Draft: Developing a Unified Model for Speech-to-Facial Shape Generation Using Outlines 〰 Library

Metadata

Status: Draft
Deciders: V-Sekai
Tags: V-Sekai

The Backdrop

V-Sekai is embarking on a project that translates speech into corresponding facial shapes for virtual reality applications. This process eliminates the need for a face camera and leverages the SpeechEncoderDecoderModel from Hugging Face’s Transformers library for comprehensive speech recognition.

The SpeakingFaces dataset, a collection from 142 diverse subjects, will be utilized for this project. The dataset is accessible via the server of the Institute for Smart Systems and Artificial Intelligence (ISSAI) under the Creative Commons Attribution 4.0 International License.

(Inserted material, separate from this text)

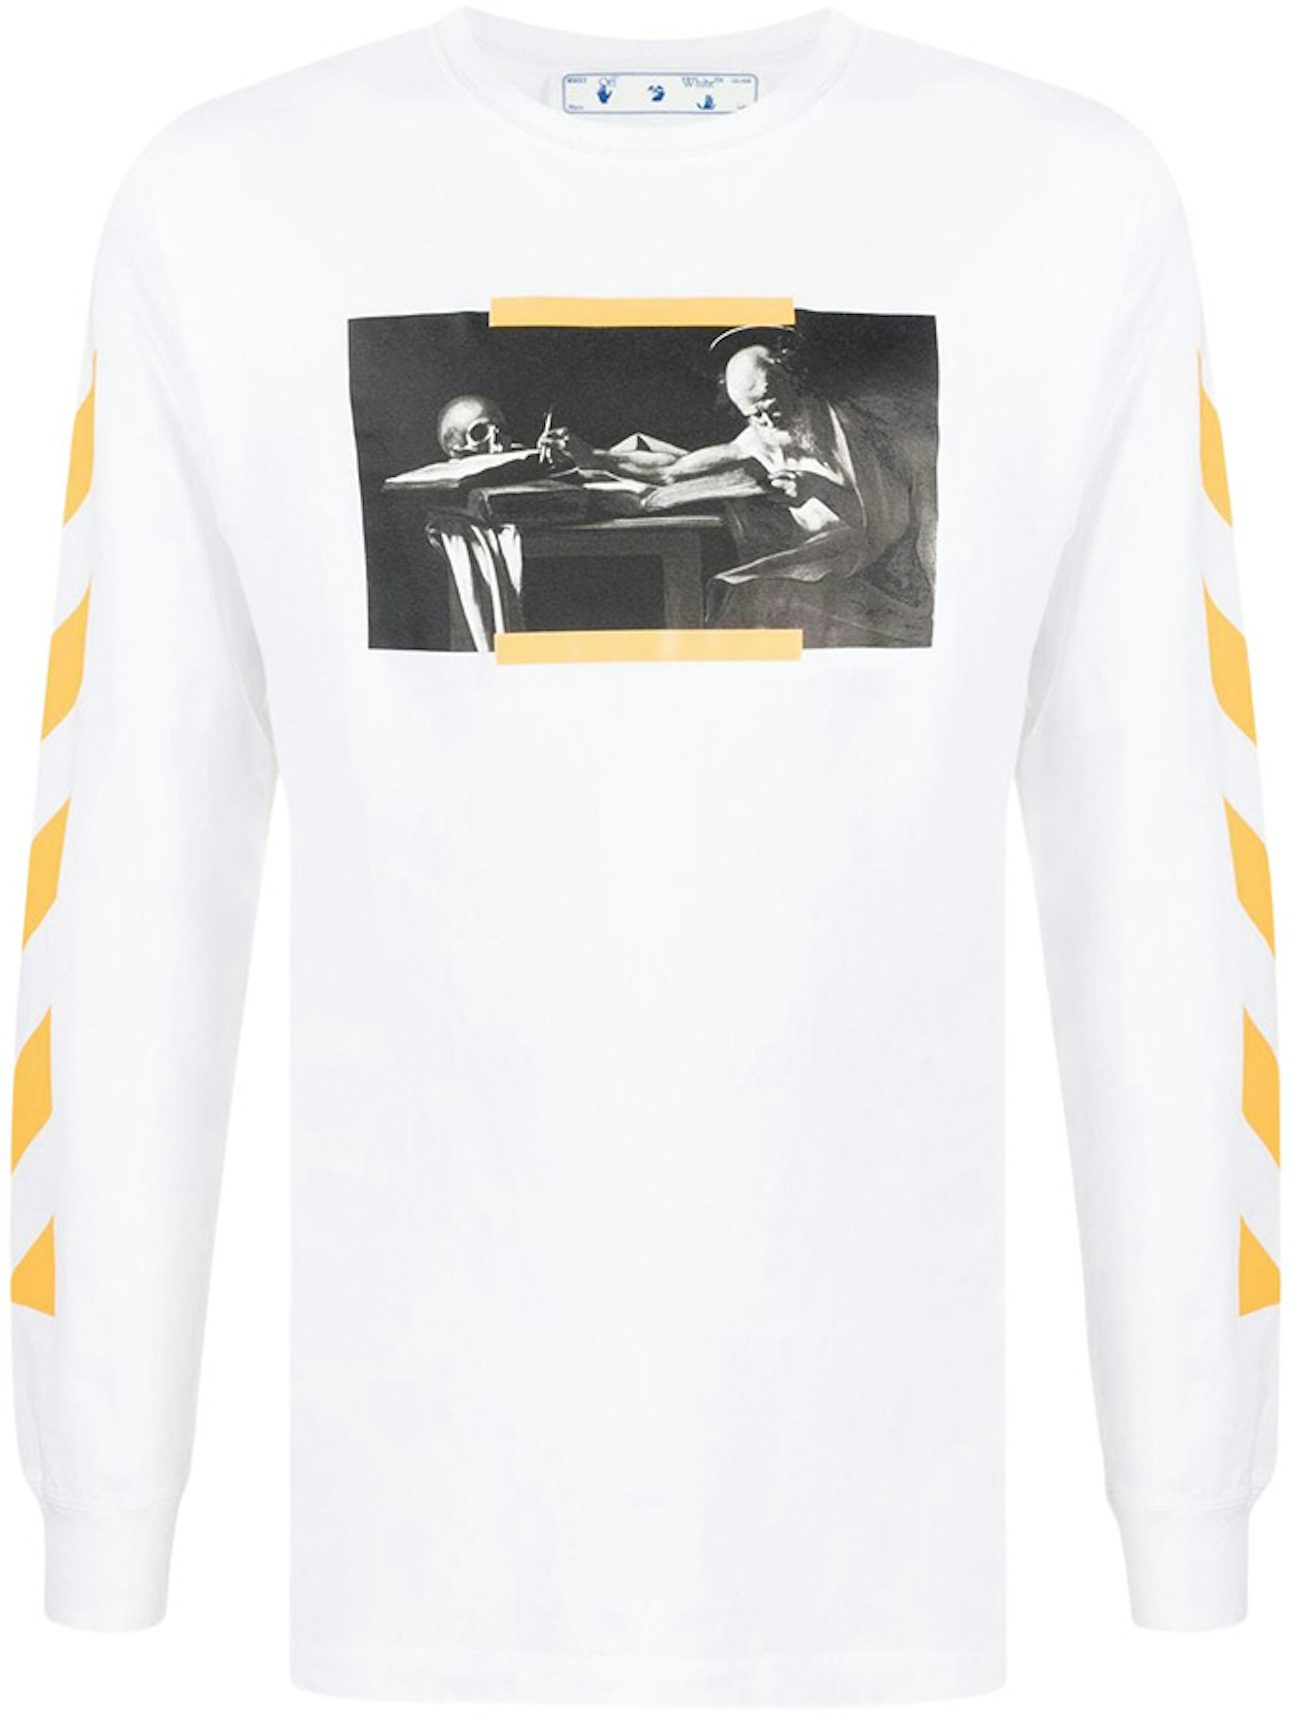 Off-White c/o Virgil Abloh Long Sleeve T-Shirt in Yellow for Men

Outlines 〰, a neural text generation library, will also play a crucial role in this project. It offers robust prompting primitives, separates the prompting from the execution logic, and is compatible with all models. It interfaces with models through the next-token logits and can be used with API-based models as well.

The Challenge

The primary challenge lies in developing a model capable of generating text and blendshapes simultaneously from the same input speech using the Outlines 〰 library.

The Strategy

The proposed strategy involves creating a custom model that accepts speech as input and outputs both text and blendshapes. This unified model would incorporate a shared encoder to process the speech input, and a single decoder to generate the text and blendshape outputs. The Outlines 〰 library will be used to conform the output to the desired format.

from outlines import Outline
from transformers import SpeechEncoderDecoderModel, Speech2Text2Processor, Wav2Vec2Model
import json

# Initialize the processor and encoder
processor = Speech2Text2Processor.from_pretrained("facebook/s2t-small-librispeech-asr")
encoder = Wav2Vec2Model.from_pretrained("facebook/wav2vec2-base-960h")

# Initialize the decoder
decoder = Speech2Text2Model.from_pretrained("facebook/s2t-small-librispeech-asr")

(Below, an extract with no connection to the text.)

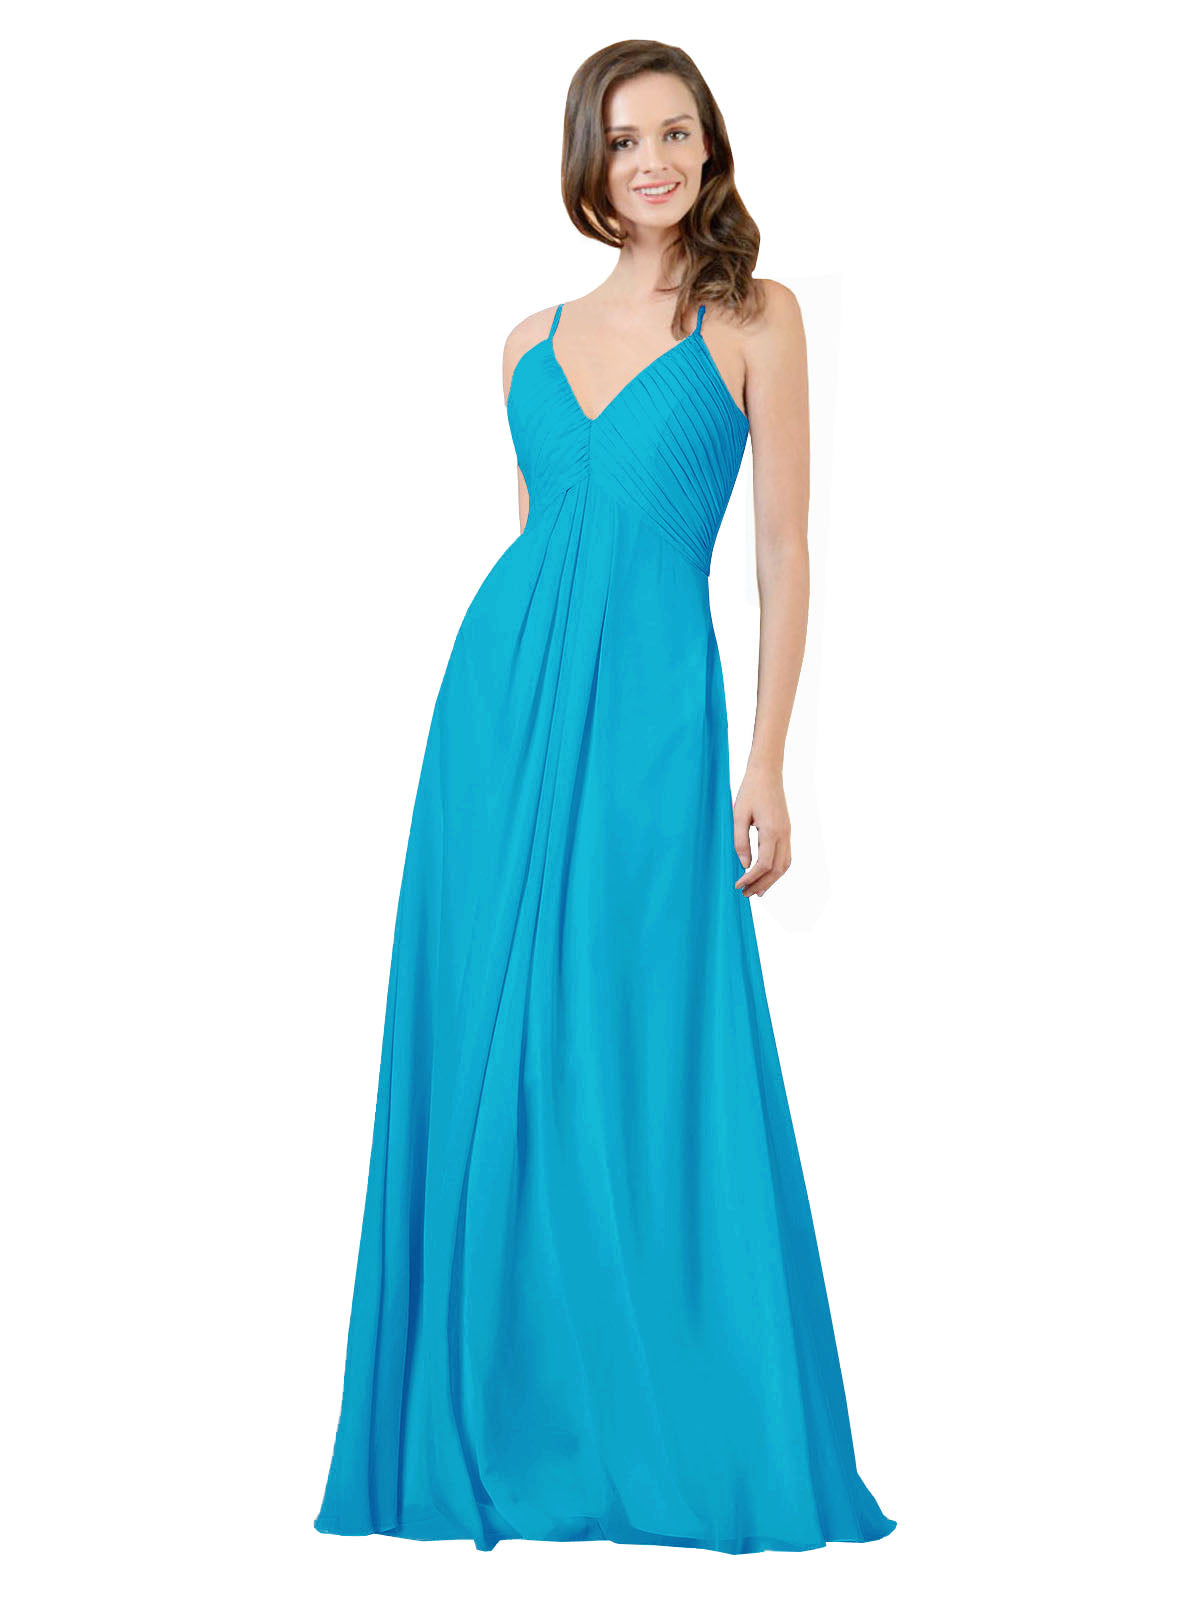 Turquoise A-Line V-Neck Spaghetti Straps Sleeveless Long Bridesmaid Dress Kari

# Initialize the unified model
model = UnifiedSpeechEncoderDecoderModel(encoder=encoder, decoder=decoder)

# Define an outline for the model
outline = Outline(model).to(device)

# Generate text and blendshapes
generated_text, generated_blendshapes = outline.generate(input_speech)

# Conform to JSON schemaßß
blendshapes_keys = ["BrowInnerUp", "BrowDownLeft", "BrowDownRight", "BrowOuterUpLeft", "BrowOuterUpRight",
                    "EyeLookUpLeft", "EyeLookUpRight", "EyeLookDownLeft", "EyeLookDownRight", "EyeLookInLeft",
                    "EyeLookInRight", "EyeLookOutLeft", "EyeLookOutRight", "EyeBlinkLeft", "EyeBlinkRight",
                    "EyeSquintRight", "EyeSquintLeft", "EyeWideLeft", "EyeWideRight", "CheekPuff",
                    "CheekSquintLeft", "CheekSquintRight", "NoseSneerLeft", "NoseSneerRight", "JawOpen",
                    "JawForward", "JawLeft", "JawRight", "MouthFunnel", "MouthPucker", "MouthLeft",
                    "MouthRight", "MouthRollUpper", "MouthRollLower", "MouthShrugUpper", "MouthShrugLower",
                    "MouthClose", "MouthSmileLeft", "MouthSmileRight", "MouthFrownLeft", "MouthFrownRight",
                    "MouthDimpleLeft", "MouthDimpleRight", "MouthUpperUpLeft", "MouthUpperUpRight",
                    "MouthLowerDownLeft", "MouthLowerDownRight", "MouthPressLeft", "MouthPressRight",
                    "MouthStretchLeft", "MouthStretchRight", "TongueOut"]

output = {
    "text": generated_text,
    "blendshapes": dict(zip(blendshapes_keys, generated_blendshapes))
}

json_output = json.dumps(output)

The Upside

Developing our own unified model for generating both text and blendshapes from speech using the Outlines 〰 library is a strategic move that provides us with greater control and customization to meet our specific needs. It not only deepens our understanding of the model, aiding in troubleshooting and improvements, but also allows us to optimize it for better performance and efficiency.

The Downside

The limitation of this approach is that the UnifiedSpeechEncoderDecoderModel, and Outline are placeholders for your actual unified model classes, and outline respectively. You would need to implement these classes yourself, or find pre-trained models that suit your needs.

The Road Not Taken

Being self-reliant in maintaining and updating our model eliminates dependence on third parties, providing flexibility to make changes as needed. Moreover, it ensures seamless integration with other parts of our system.

The Infrequent Use Case

While this approach requires more initial effort, the potential for improvement and fine-tuning with our unique data sets makes it worthwhile, leading to superior results in the long run.

In Core and Done by Us?

Yes, the development and maintenance of the unified model will be done by us.